It's not just the ISO... it's how useful the ISO is. Check out the reviews on
www.dcresource.com and compare the pictures in low light to any other camera. The ISO 800 of the F30 is the same quality as the ISO 100 or 200 of most other cameras. I've seen other cameras that can do 800 ISO (P&S cameras) but they look like crap. heh
If you don't mind a flash... don't worry about it. But there is nothing on the market right now in a P&S that even comes close to the F30 for low light at high image quality. I've shot useable pictures at 3200 ISO in
pitch blackness where I couldn't even see the target myself. A little grainy, but I cleaned them up and they're still useable. I don't even have the flash turned on anymore. It's permanently set to "suppress flash" so I don't get flash highlight blowouts.
Take that with a grain of salt. If you don't mind using a flash, there are some really nice cameras out there.

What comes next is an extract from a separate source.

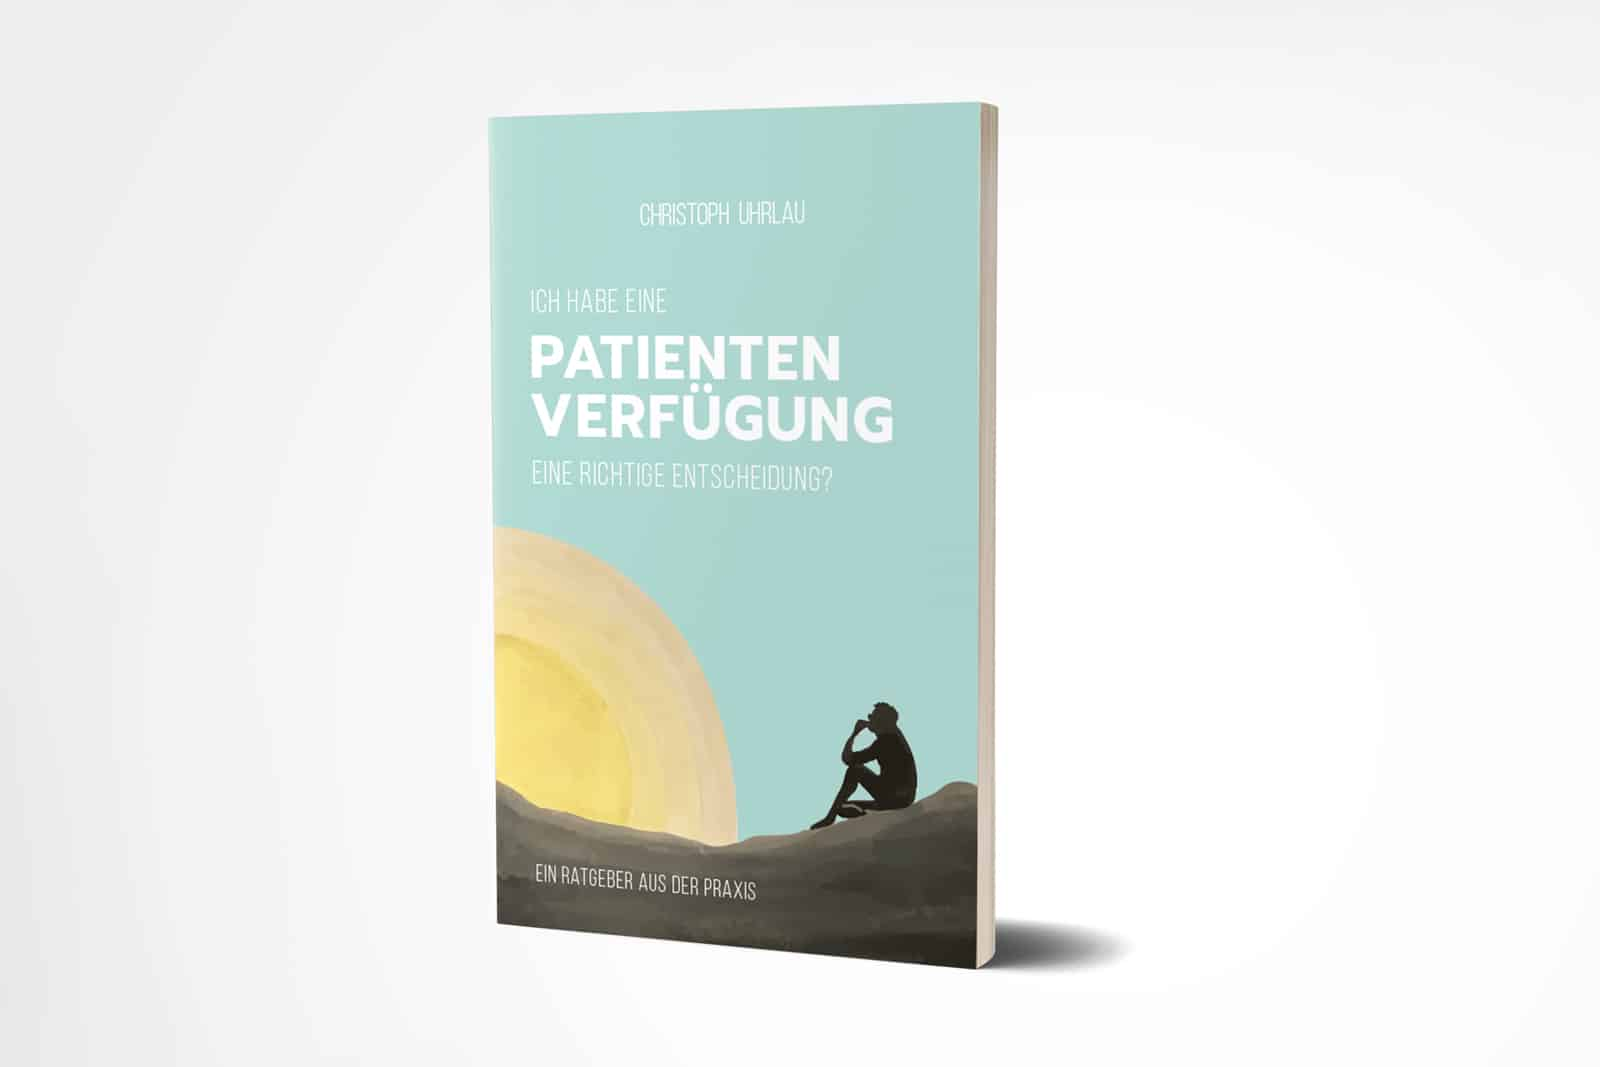 Buchcover für ein Ratgeber zur Patientenverfügung

I just wanted something that could shoot without a flash in low light and still take high quality pictures.
Some samples I took myself:
Bright sunlight, outside in direct sun in the afternoon.
Indoors at night with only one light on, no flash.

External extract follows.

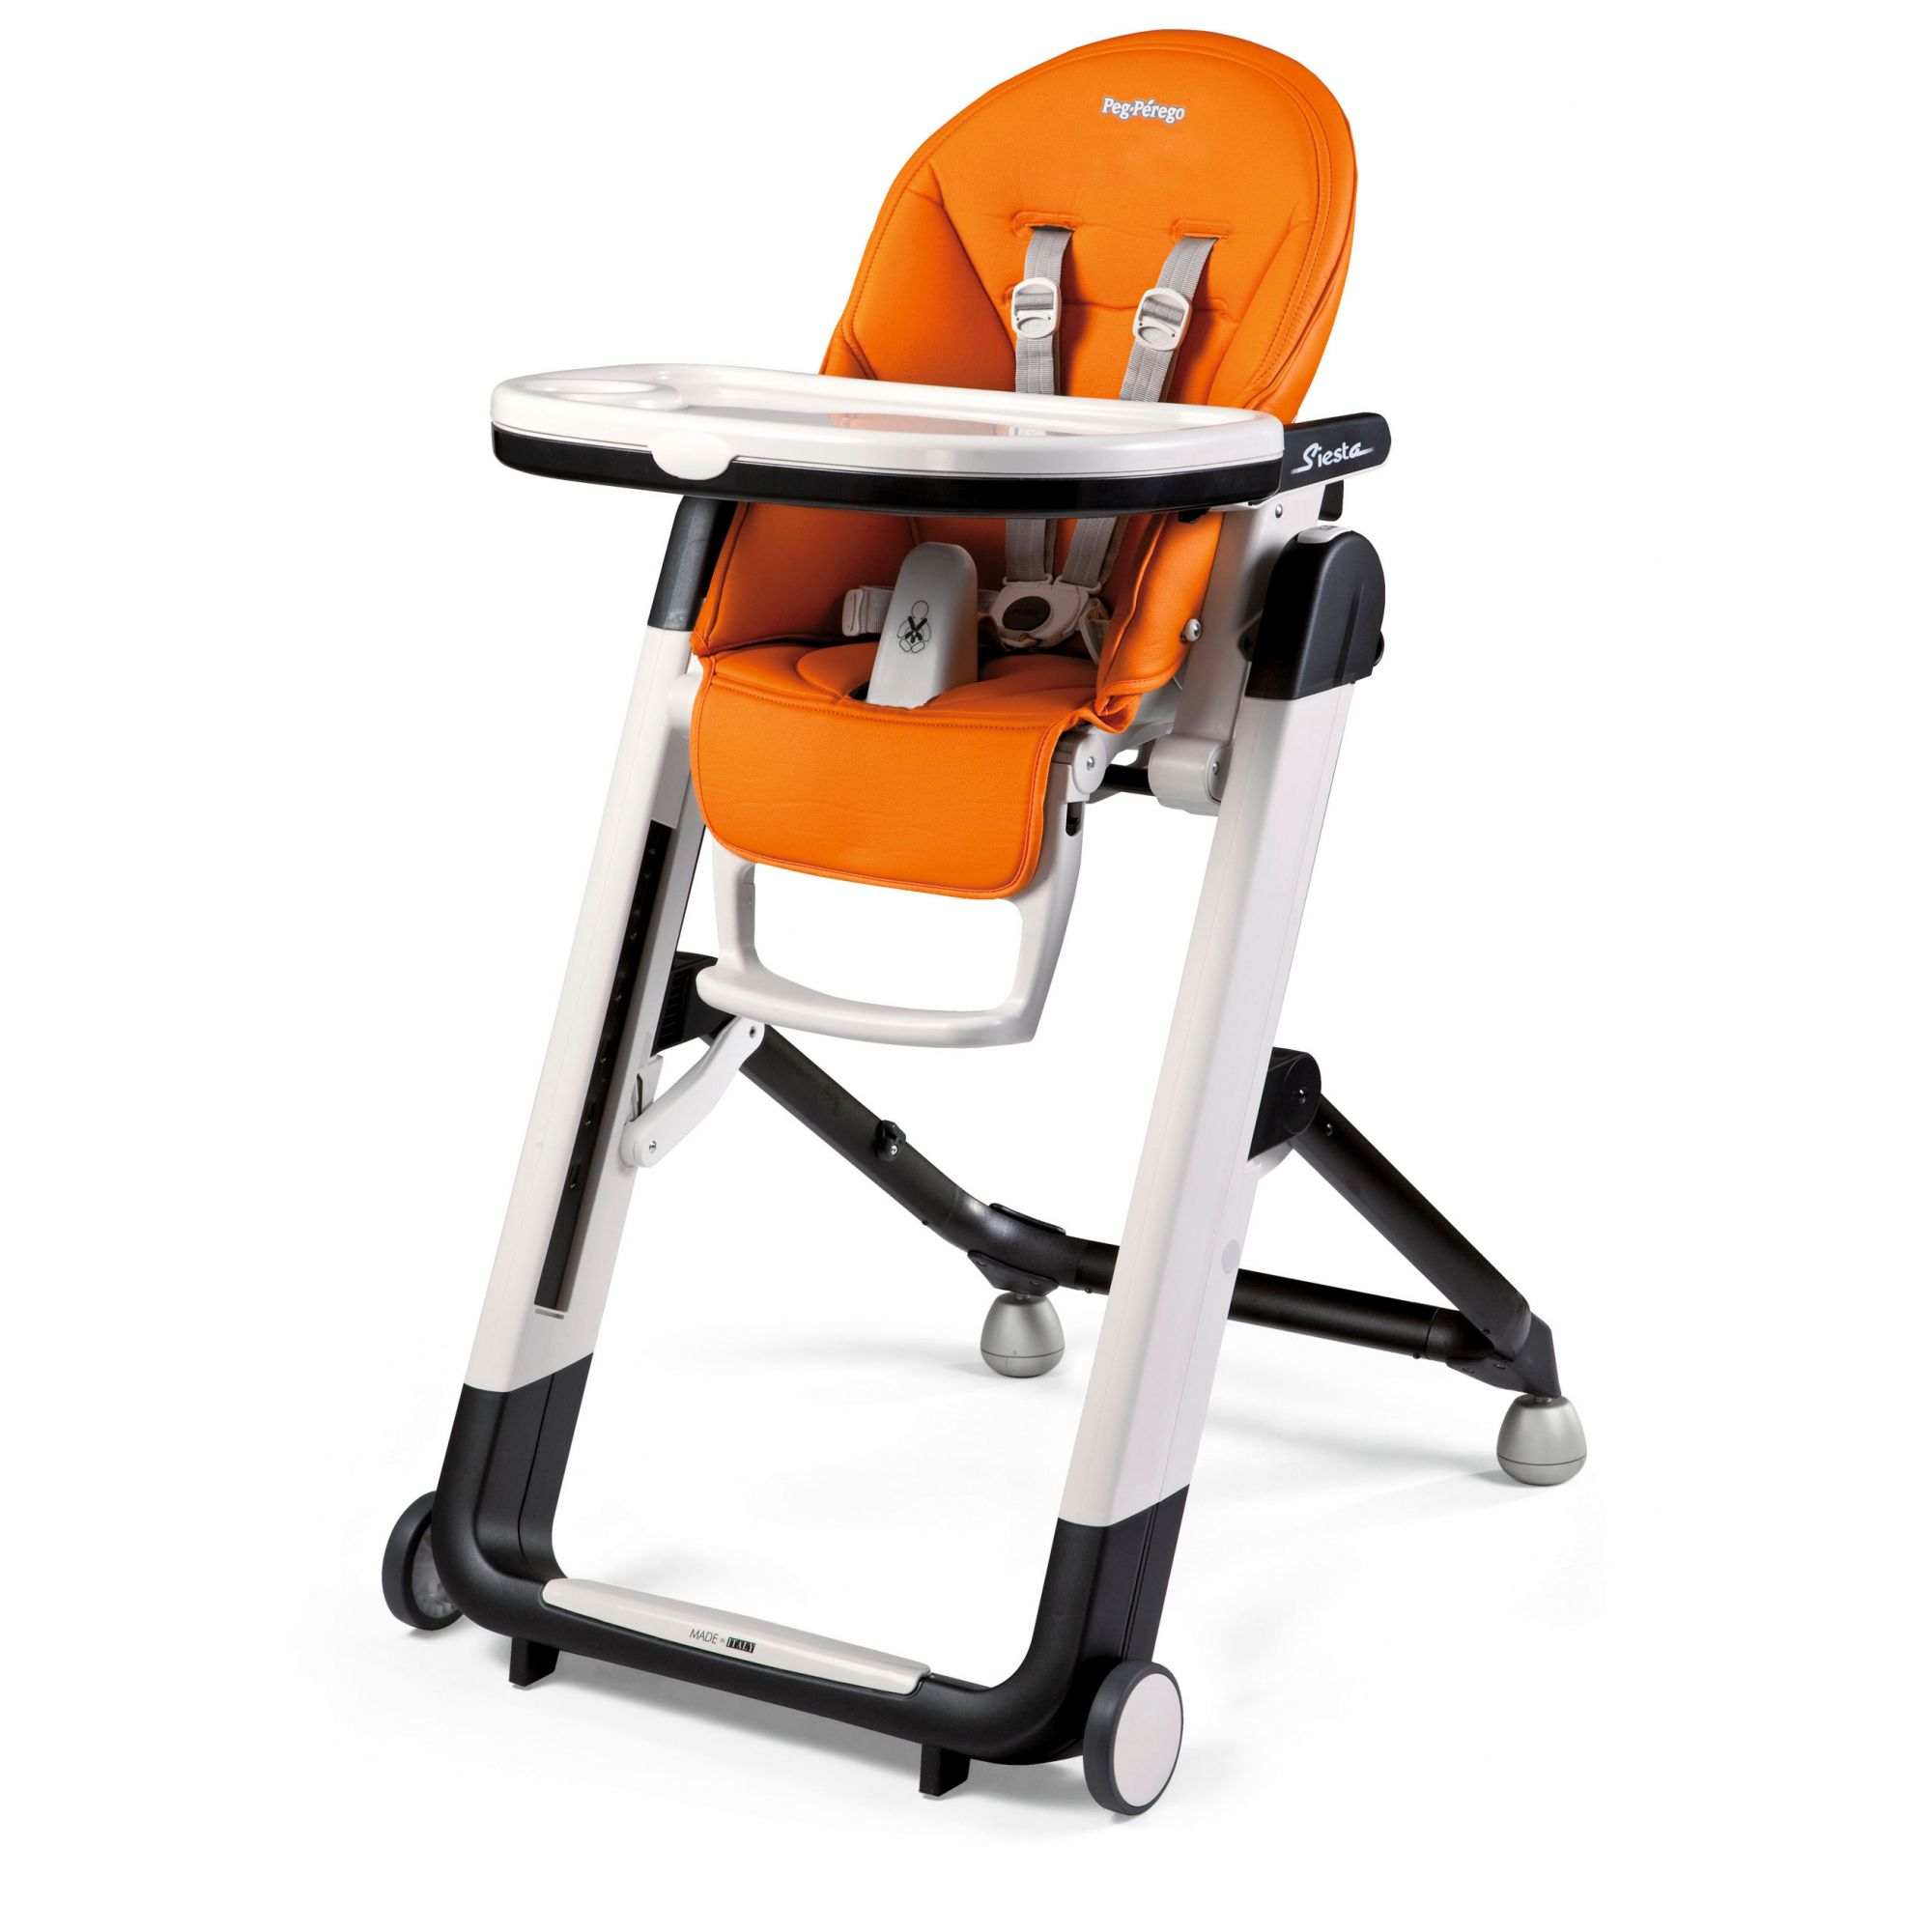 Cadeira Refeição Siesta Aracia - Peg Perego  Ref Imsiesbr03bl38

Dusk, just after the sun had set. No flash.
Obvious.
Also obvious.
Sunset, in my driveway. No flash.
Here's the kicker. That's a car I have the camera sitting on. It was so dark I couldn't see the end of the car, let alone the yard beyond or the hillside. I could just barely see the glow from the streetlamp at the end of the road (that green glow across the field is from the streetlamp over the hedges and such on the right). No moonlight to speakof since it was overcast as you can see, I was shooting away from the moon anyway. I couldn't see anything... the sky was
black as far as I knew. Was surprised to see the picture when I downloaded it.
Bear in mind that these have all been shrunk down for upload... the images are normally 2800px when I start with them. Other than that, I really haven't touched them up in Photoshop much or at all.
I would check out the site at DCResource. The guy that does the reivews is a professional photographer... and he shoots the same subjects for every camera so you can get a really easy comparison of how each camera handles all sorts of situations. He's very indepth too. Doesn't do every camera, but lots of them are reviewed. I was looking at lots of cameras and that site helped me decide on what I needed.
You could also go to your local camera shop and ask to play with the cameras. I did that too. Just to see what they felt like to use, how easily you could control them, etc. There are lots of good cameras out there right now... there are just a few that stand out from the crowd. I was looking at the Fuji F30, the Panasonic TZ1, and the Canon A620 all for different reasons. The low light and high image quality of the Fuji won me over.
I know.. I sound like a broken record.